Tutorial: An Introduction to High-Performance R


Dirk Eddelbuettel, Debian Project, Chicago, USA.

Slides available

Follow this link.

Brief Description

Computing resources are more abundant than ever in absolute terms thanks to the continued improvements in processing power that were predicted decades ago by Moore's law.

However, despite these advances, work in applied and computational statisticis is constrained by the seemingly parallel growth in data sets. As the larger and larger amounts of data offset the faster computers, any 'relative' improvement in computing power appears to be difficult to appreciate.

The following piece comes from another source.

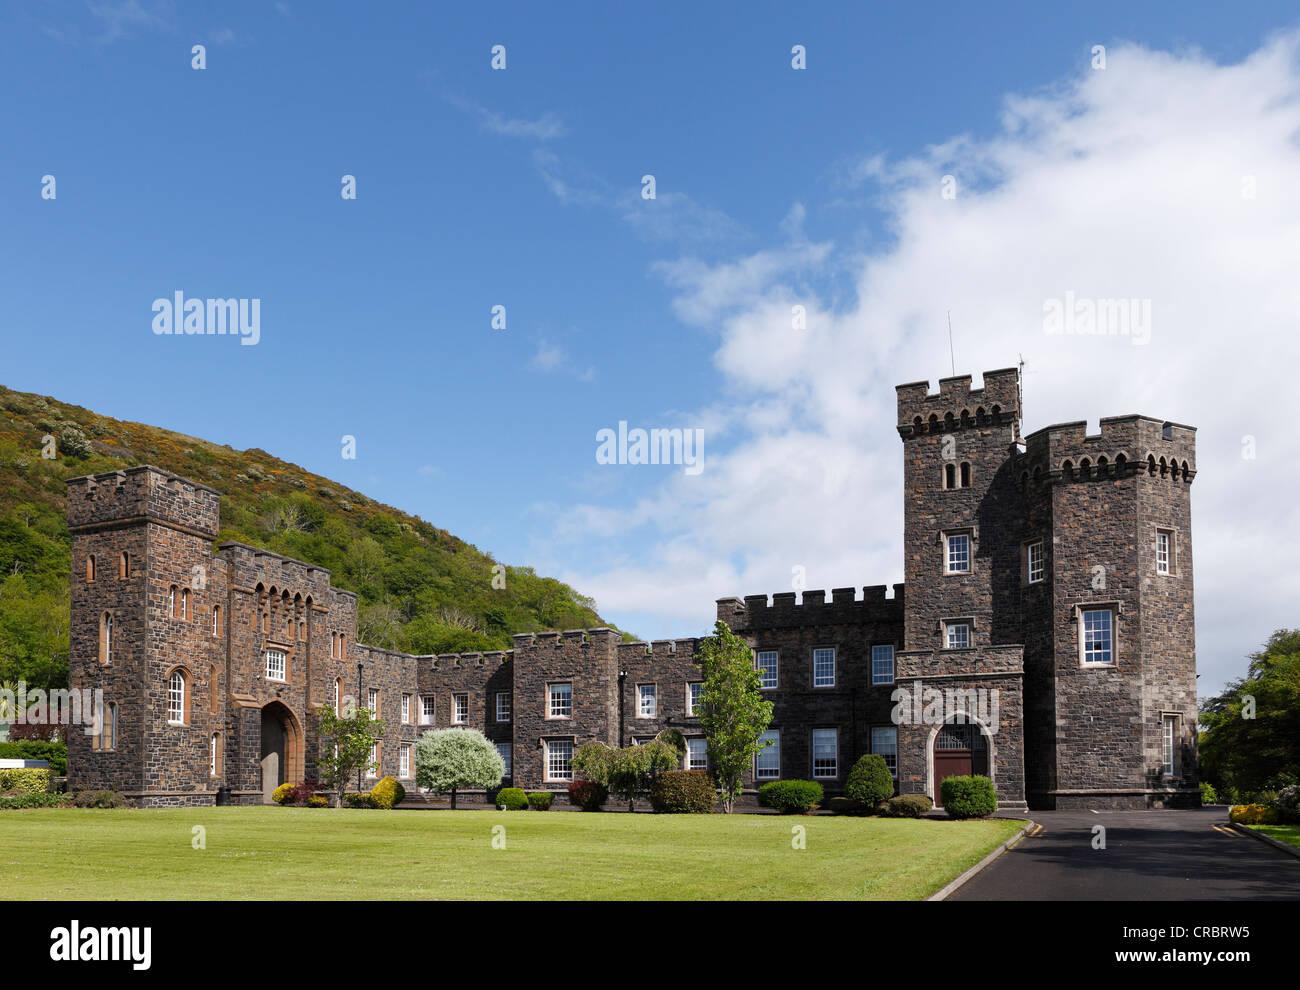 Garron Tower, St Killian's College, Glens of Antrim, County Antrim, Northern Ireland, United Kingdom, Europe - Stock Image

Hence, R users still feel limited by their available computing resources, be it available memory, cpu power or both and complain that it still takes too long or it still uses all my memory.

The tutorial will introduce a number of available options to address these computing constraints in order to enhance or accelerate R processing.

Outline

The following topics will be covered in the tutorial:

  1. Measuring performance and profiling programs in R
  2. Improvements through better coding: vectorisation and other examples
  3. Extending R using compiled code:
  4. Running R using 'explicit parellelism':
  5. Running R using 'implicit parallelism' via Luke Tierney's new pnmath and pnmath0 packages for multithreaded math functions
  6. Extending R using out-of-memory processing using the biglm and ff packages
  7. Automating R processing using the Rscript and littler wrappers
Tutorial participants will be provided with a live-cdrom with R and all packages so that participants can run all examples on their own laptops.

Potential attendees

The tutorial is aimed at R users wishing to learn about different methods of extending R for more efficient data processing.

Required knowledge

Basic R and programming knowledge will be required to take advantage of all examples. Likewise, some understanding of general computing concepts will be helpful. For the examples involving C and C++, some familiarity with these language is required.

Instructor

Dr. Dirk Eddelbuettel has been using S+ and R for quantitative analysis for over a decade. He is the author of several CRAN packages, the maintainer of R and numerous other packages for the Debian Linux distribution, and the author of the Quantian computing environment.